Disclaimer: I do not own, Disney does. Do not sue.

Rating: PG for mention of a planned coup de etat

"Here you are, your highness."

Yzma opened her eyes at the sound of Kronk's voice. After her liberation from the barn, she had been deposited in a basket with a ribbon tied to it, atop a thick, plush cushion. She'd fallen asleep almost immeadiatly- planning a second overthrow took more strength than she could have possibly imagined.

Now, apparently, she was being carried into the empresses' chambers. Rubbing her eyes with her paws, she sat up and peered at the woman sitting on the divan through the haze of silk gauze that covered the top of the basket.

The young woman sitting on the divan and preening into a looking glass was very young, Kuzco's age, and quite pretty. She was dressed to the height of fashion and as a result of her royal upbringing, had all the elegance and grace that Yzma fought vainly to achieve while in human form. She was sipping a martini, and looked bored as Kronk spoke to her.
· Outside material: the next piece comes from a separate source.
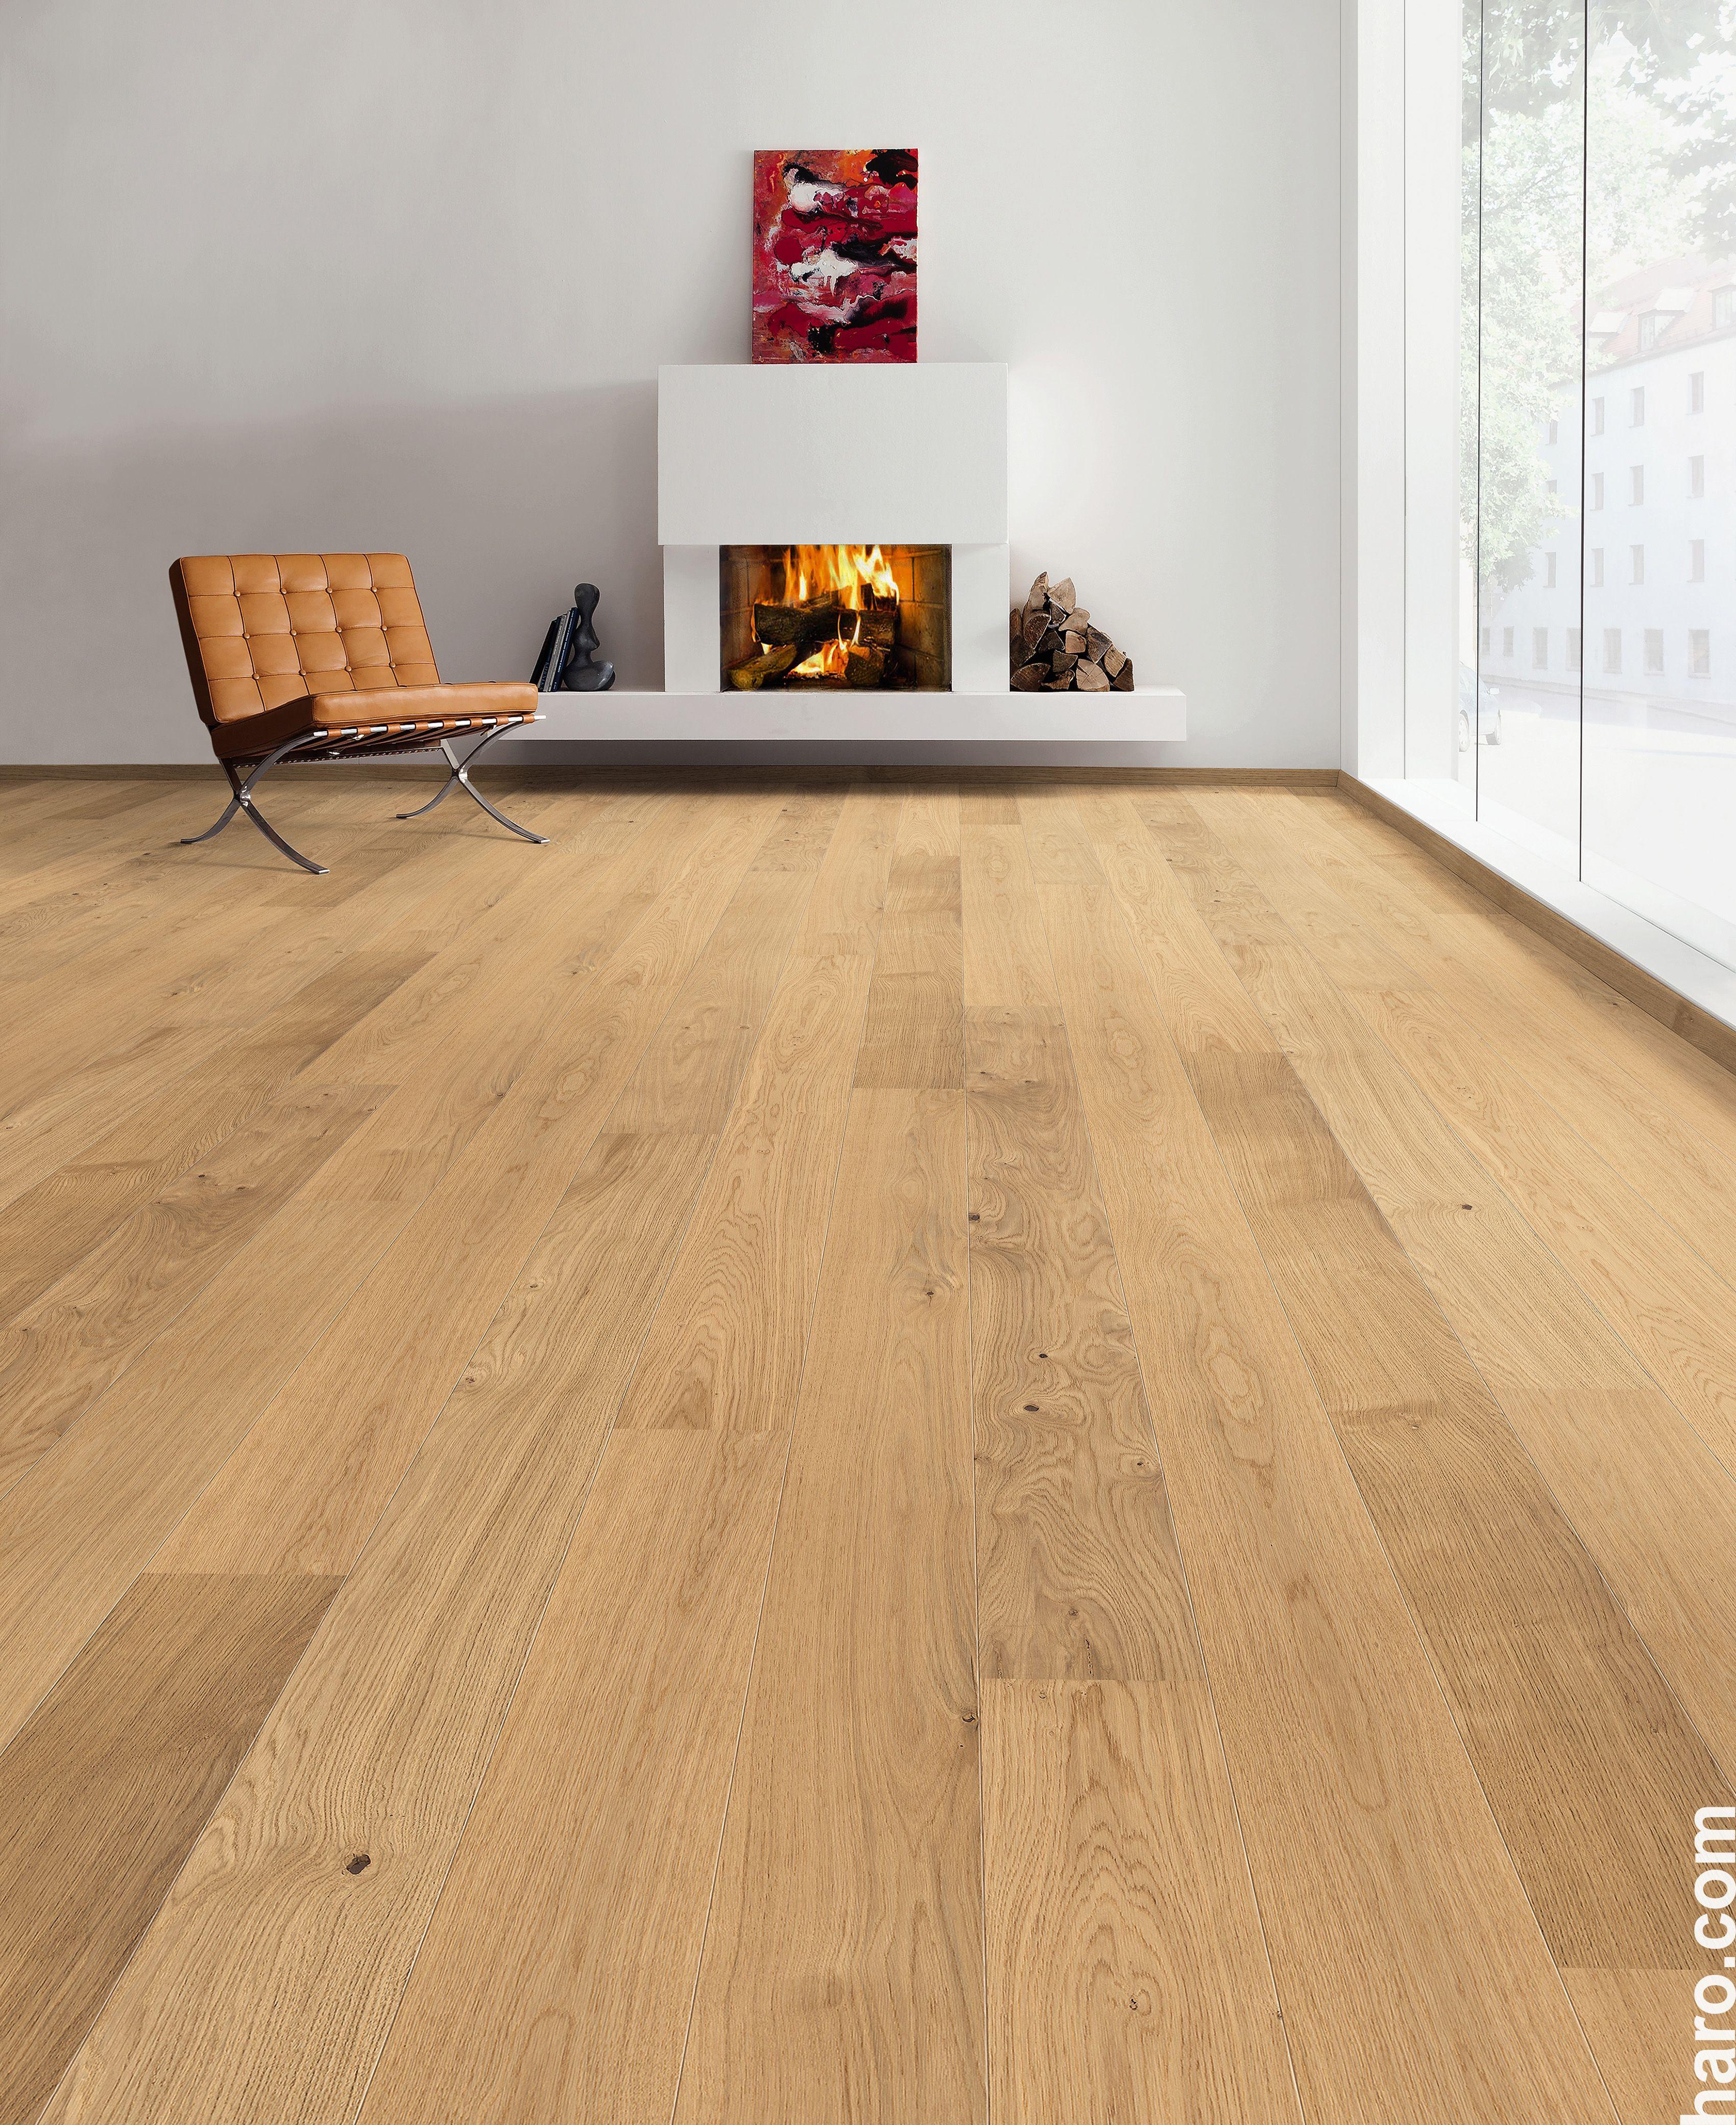 hardwood flooring 2016 of haro parkett 4000 landhausdiele 2v eiche markant strukturiert biotec in die parkett landhausdiele eiche markant strukturiert bringt wa¤rme und gema¼tlichkeit in jedes wohnzimmer parquet haro

"Milady, got you a little wedding gift. It's a bit late, I know, but.." Yzma felt herself being lifted upward as Kronk hoisted the basket upward. "Here you go."

"Honey, what's this? Who are you? What are you doing?" The empress apparently hadn't been listening, and Kronk patiently began to repeat himself.

"A...cat?" Yzma heard her say. "Oh, honey, you're going to make me pretend to cry. That's so sweet."

"Thanks, Empress."

There was total silence for a minute.

"Well? You don't expect me to open my own gift, do you?"

Yzma stiffened as Kronk pulled off the covering to her basket and she was instantly exposed to the light of the Empress' chamber. She blinked.

"Here she is, Empress." Kronk said proudly.

"Isn't she lovely. Now take her to the barn."

If Yzma could have seen the expression on her OWN face, she probably would have been very amused. Kronk looked shocked as well. "I-"

"You don't REALLY expect me to keep an animal in my room, do you, honey?" the Empresses' face registered a mixture of profound disbelief and amusement. "It can't be healthy! Just put her in the barn with all the other animal gifts. I'll send someone to visit her once in a while. It was nice of you to think of me though-" and she turned back to filing her nails.

Pleased with the Empress' acceptance of his gift, Kronk bowed and began to back his way out the door. Yzma shook with fury.

"There is NO way I'm going to go back to that filthy, stinking-" she shook her head, seething. When Kronk took one hand off the basket, she saw her chance.

Leaping up in a giant ball of fur, spit, and claws, she cleared the side of the basket and landed on the floor, feet-first, like a...cat. She lifted her tail and made a break for the door.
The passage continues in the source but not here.